Intelligence is known to be highly heritable, as well as being a major determinant of human health and well-being. Five recent GWAS meta-analyses had identified 24 genomic loci (loci = locations in the DNA sequence) linked to variations in intelligence –– but much more information underlying fundamental genetic contributions remains to be uncovered. Authors [see first attached file] present a large-scale GWAS of intelligence (N = 269,867), identifying 205 associated genomic loci (190 new) and 1,016 genes (939 new) via positional mapping, expression-quantitative-trait-locus (eQTL) mapping, chromatin-interaction mapping, and gene-based association analysis.

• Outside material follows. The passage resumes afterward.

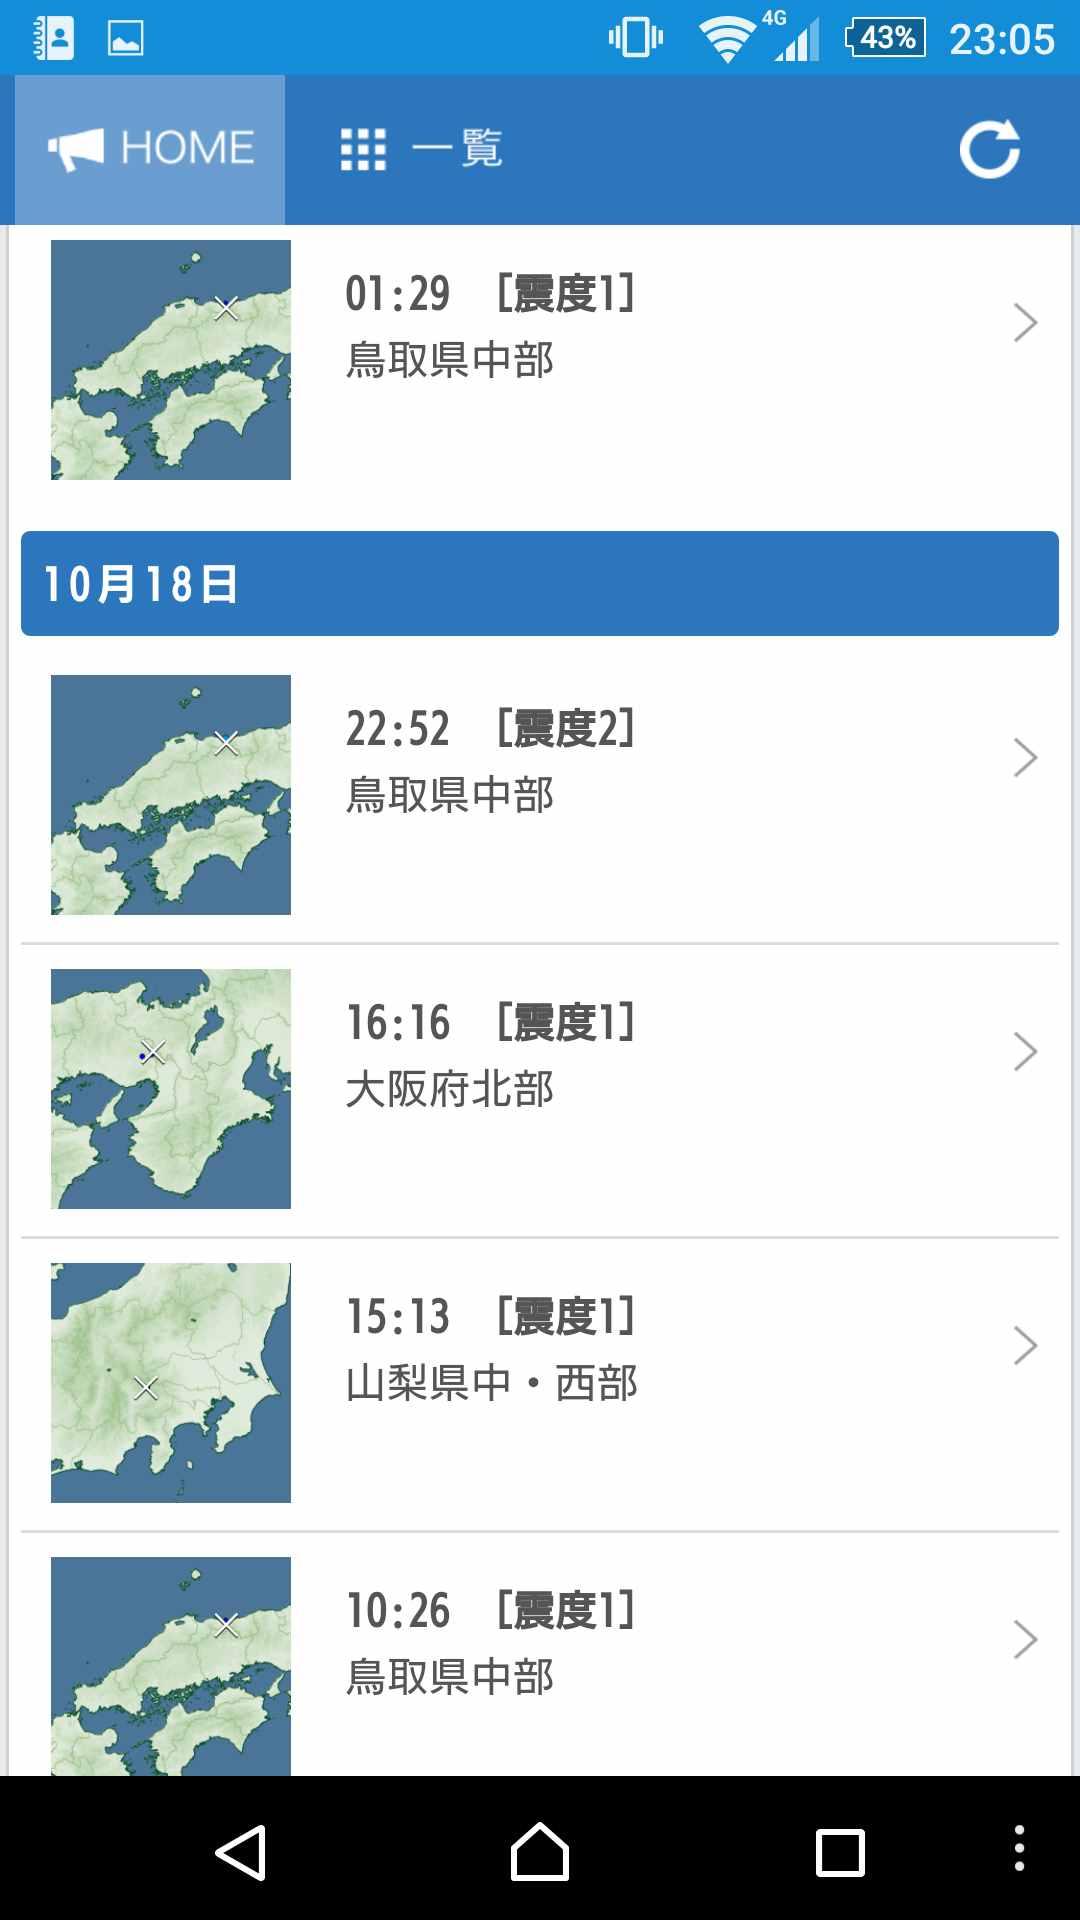 http://blog-imgs-81.fc2.com/o/k/a/okarutojishinyogen/news4vip_1445263860_102.jpg

The associated genes identified were strongly expressed in the brain –– specifically in striatal medium spiny neurons and hippocampal pyramidal neurons. Gene-set analyses implicate pathways related to central nervous system (CNS) development, and synaptic structure. These exciting data confirm previous strong genetic correlations with multiple health-related outcomes. Mendelian-randomization-analysis results suggest protective effects of intelligence for Alzheimer disease, and attention-deficit-hyperactivity disorder (ADHD), and bidirectional causation with pleiotropic effects (i.e. when one gene influences two or more seemingly unrelated traits) for schizophrenia. These results represent an important step forward in understanding the neurobiology of cognitive function (i.e. psychological processes involved in acquisition and understanding of knowledge, formation of beliefs and attitudes, and rational decision-making and problem-solving –– traits that seem to be lacking in today’s politics, worldwide), as well as genetically related neurological and psychiatric disorders.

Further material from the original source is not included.